#### Collected material

::::::::

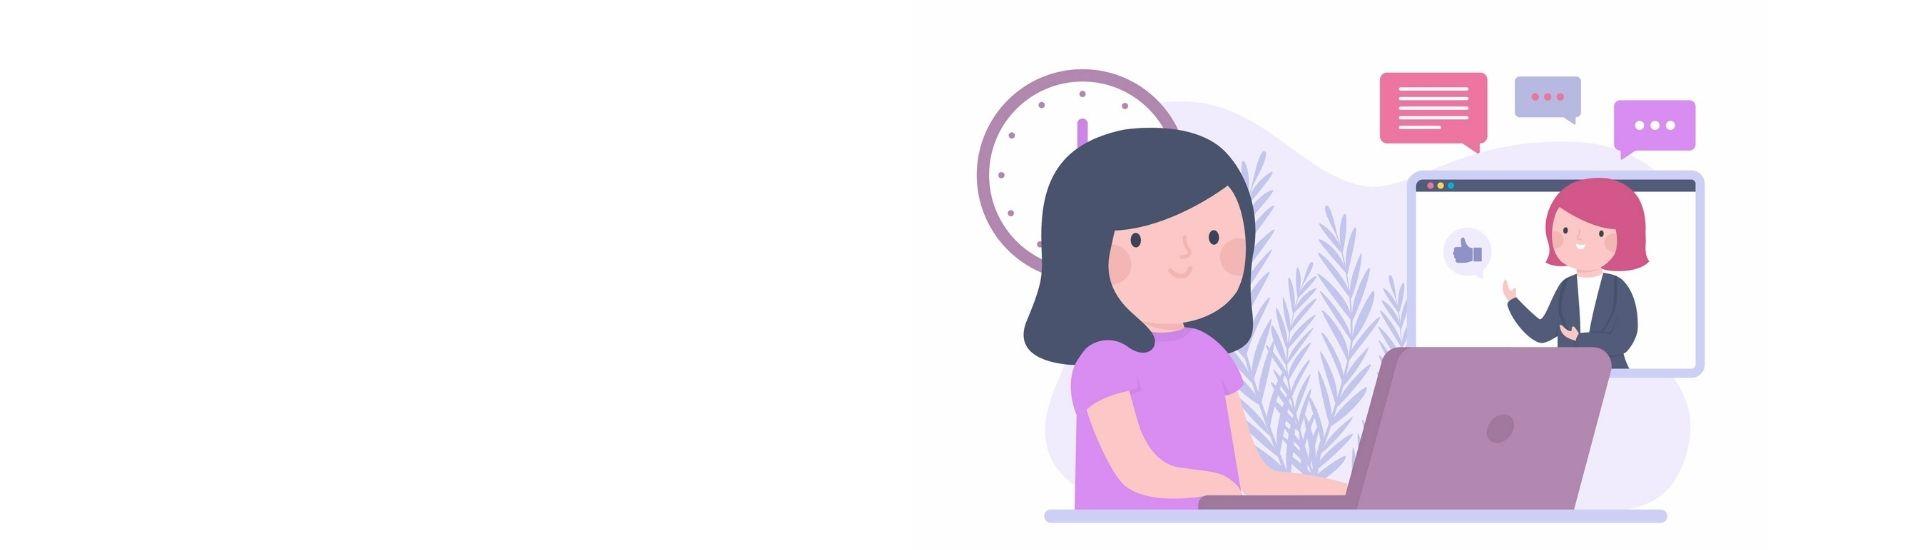 Ilustración que muestra como es la nueva enseñanza, con una niña en su computador y con la sala presente en una imagen. Ilustración de Freepik.
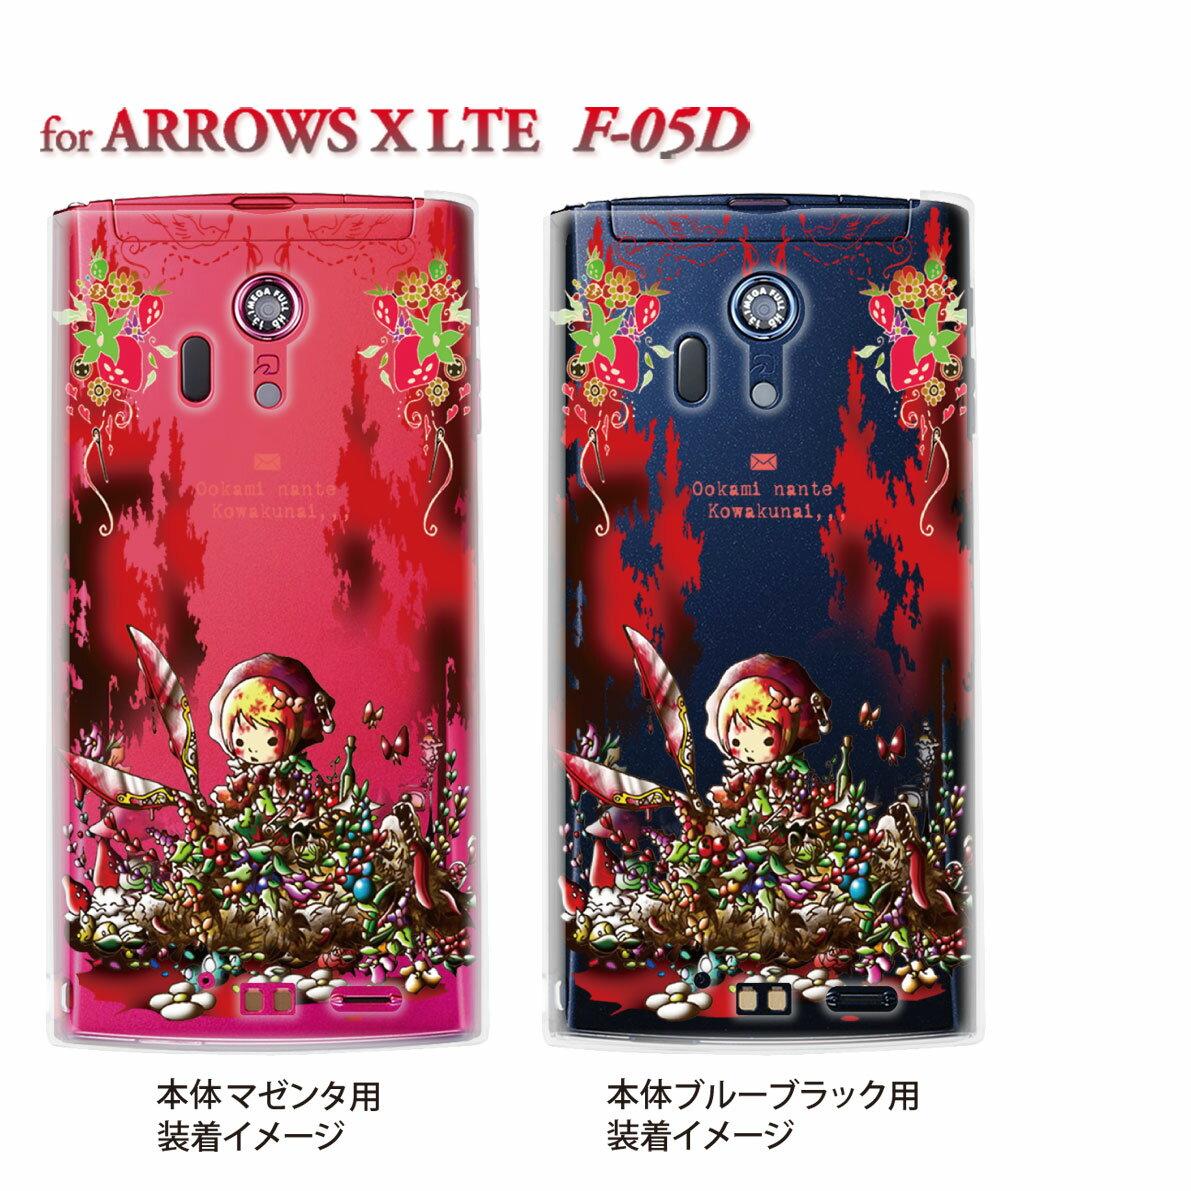 【ARROWS X LTEケース】【F-05D】【docomo】【カバー】【スマホケース】【クリアケース】【アート】【Little World】【赤ずきんちゃん】【グリム童話】【オオカミなんてコワクない】 25-f05d-am0027
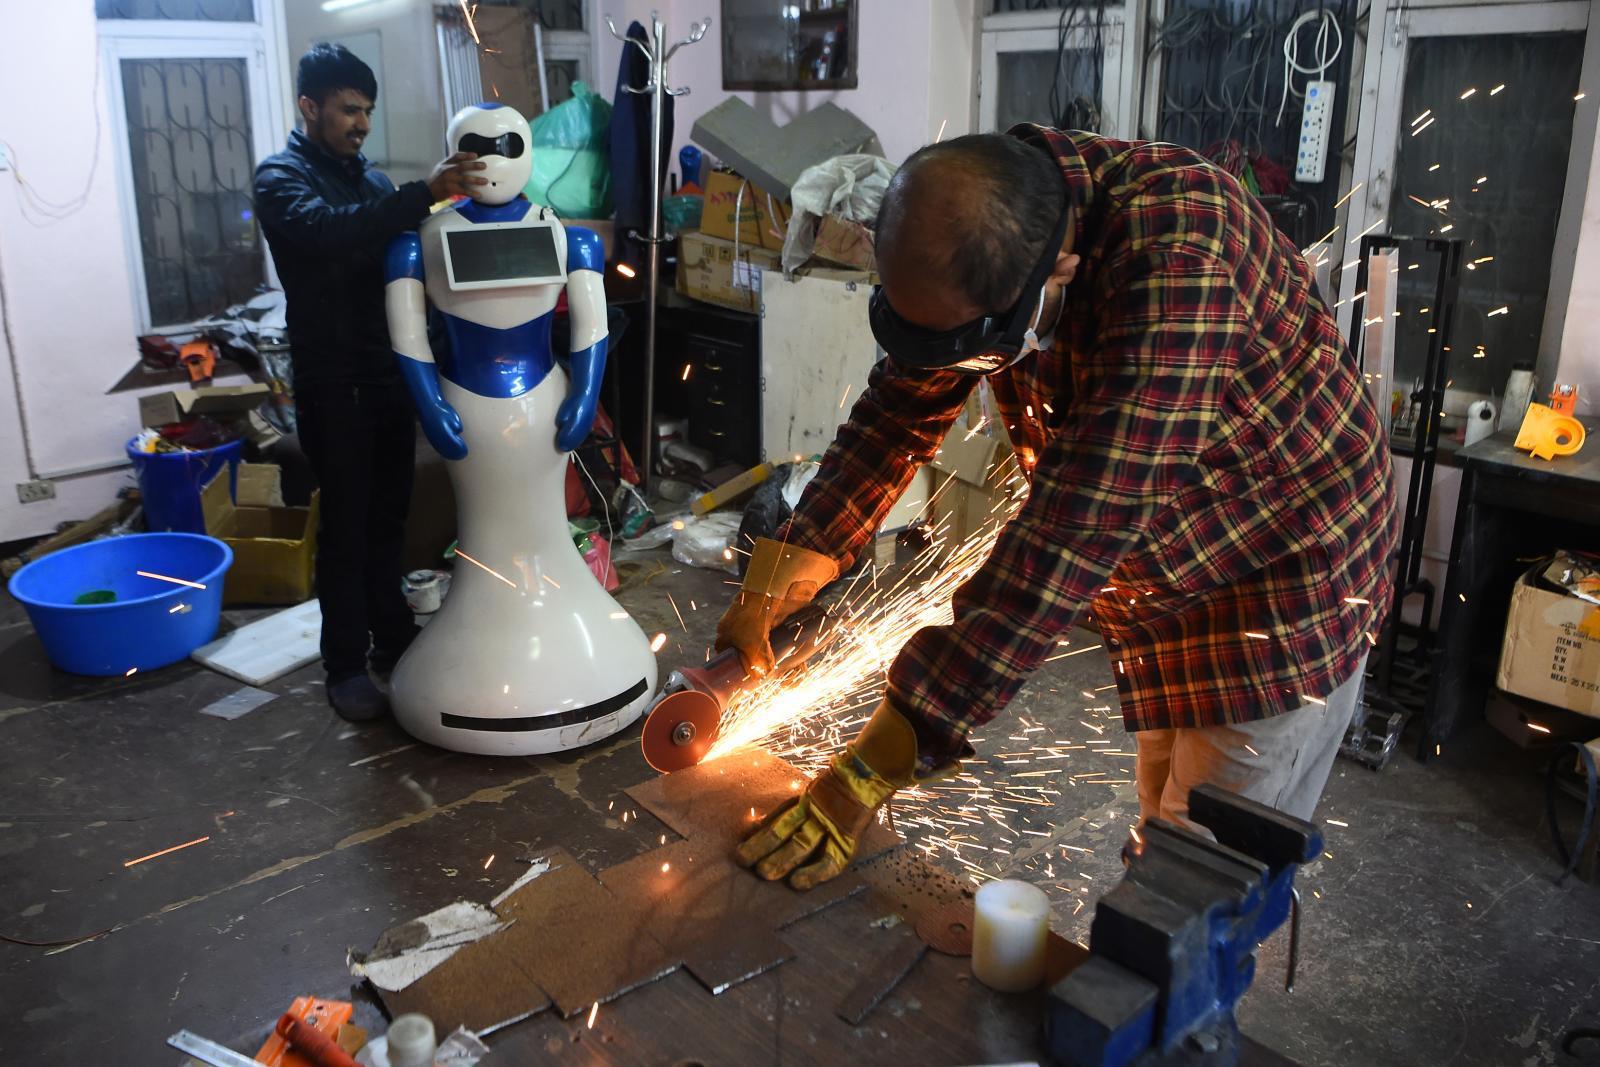 """เนปาลเปิดตัว """"หุ่นยนต์"""" สร้างเองครั้งแรก คอยให้บริการเสิร์ฟอาหาร"""

::::::::

#### Instructions to follow
Each line above should be output exactly, apart from the pictures.

#### Solution to this task
 Ilustración que muestra como es la nueva enseñanza, con una niña en su computador y con la sala presente en una imagen. Ilustración de Freepik.
 【ARROWS X LTEケース】【F-05D】【docomo】【カバー】【スマホケース】【クリアケース】【アート】【Little World】【赤ずきんちゃん】【グリム童話】【オオカミなんてコワクない】 25-f05d-am0027
 """เนปาลเปิดตัว """"หุ่นยนต์"""" สร้างเองครั้งแรก คอยให้บริการเสิร์ฟอาหาร"""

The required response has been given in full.